Cloud storage vs cloud computing
Cloud storage involves stashing data on hardware in a remote physical location, which can be accessed from any device via the internet. Clients send files to a data server maintained by a cloud provider instead of (or as well as) storing it on their own hard drives. Dropbox, which lets users store and share files, is a good example. Cloud storage systems generally encompass hundreds of data servers linked together by a master control server, but the simplest system might involve just one.
Cloud computing also involves clients connecting to remote computing infrastructure via a network, but this time that infrastructure includes shared processing power, software and other resources. This frees users from having to constantly update and maintain their software and systems, while at the same time allowing them to harness the processing power of a vast network. Familiar everyday services powered by cloud computing include social networks like Facebook, webmail clients like Gmail, and online banking apps.
How safe is the cloud?
The cloud may promise to lift the burden of our ever-increasing data storage needs, but how do we know our data is truly safe when we entrust it to a cloud provider? What measures do they take to address our two biggest concerns: reliability and security?
We’ve already learned that cloud providers store backups in multiple locations. Systems that detect smoke, suppress fires and provide emergency power are also standard features of data centres, and these secret locations are heavily reinforced, guarded and internally protected to prevent intruders or disgruntled employees from physically harming or stealing the storage hardware.
To secure your data so no one else can get at it, cloud systems use authentication processes like usernames and passwords to limit access, and data encryption to protect data that is stolen or intercepted en route.
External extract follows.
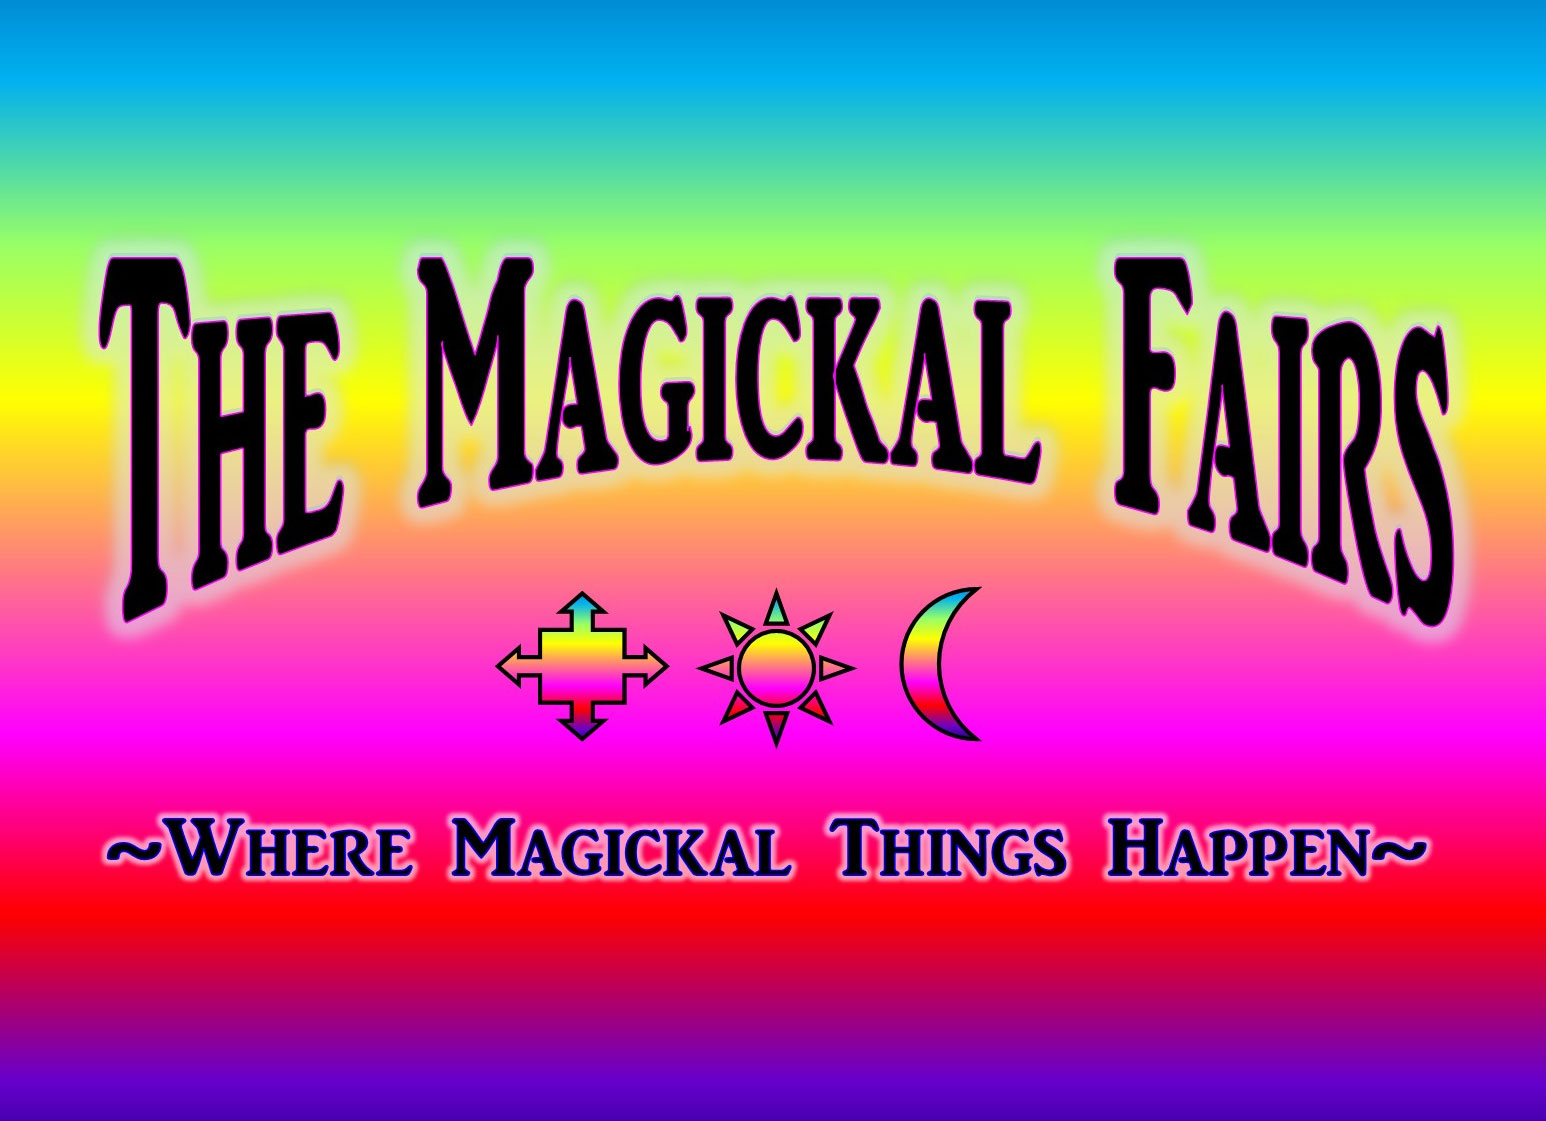 Magickal Halloween Fair at New Britain VFW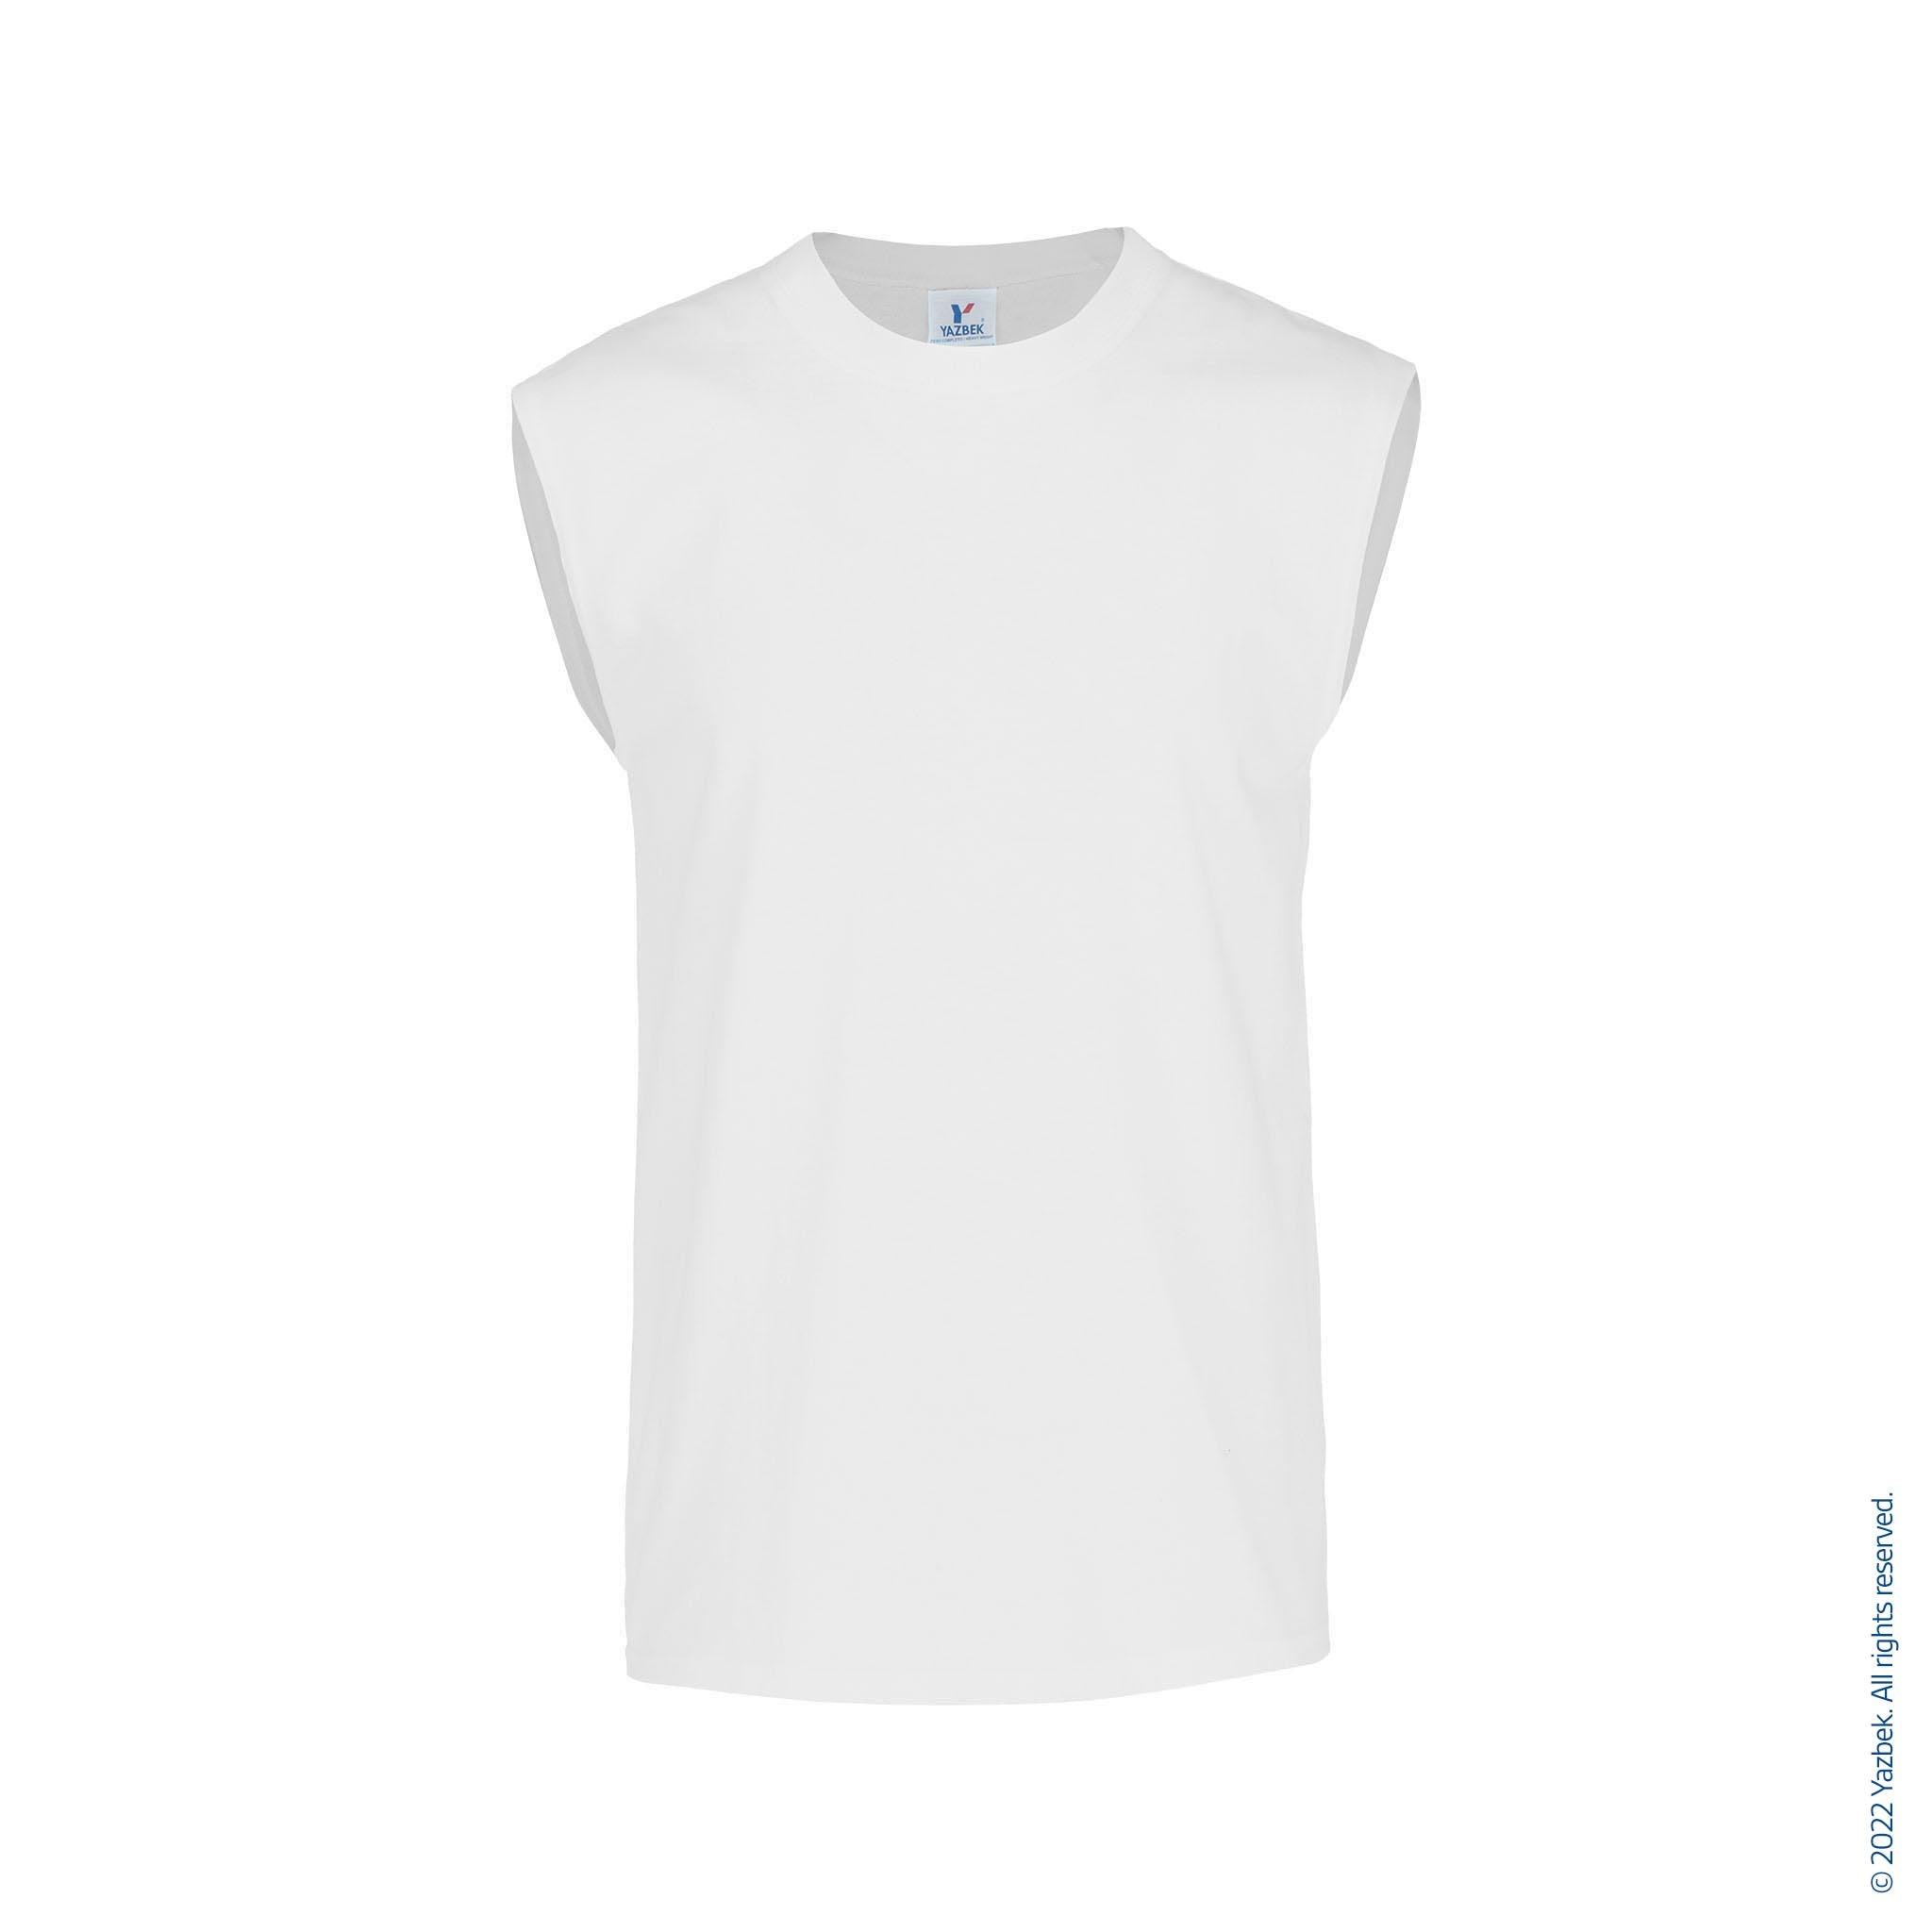 Men's Crew Neck Sleeveless T Shirt (White) – Yazbek USA Mint

And yet, passwords can be hacked; often it’s the service provider who holds the encryption keys to your data, meaning that rogue employees could access it; and your data isn’t immune to search and seizure by government entities.
So, to entrust or not to entrust? In any case, you can rest assured that — since cloud storage companies live and die by their reputation — they take great pains to employ the most advanced security techniques and provide the most reliable service possible. But the bottom line is that we live in an age where national governments have been exposed for tapping into supposedly private cloud data. Savvy surfers would be wise to keep anything truly sensitive stored on their personal computer or private cloud behind a firewall, and never upload it to the public cloud.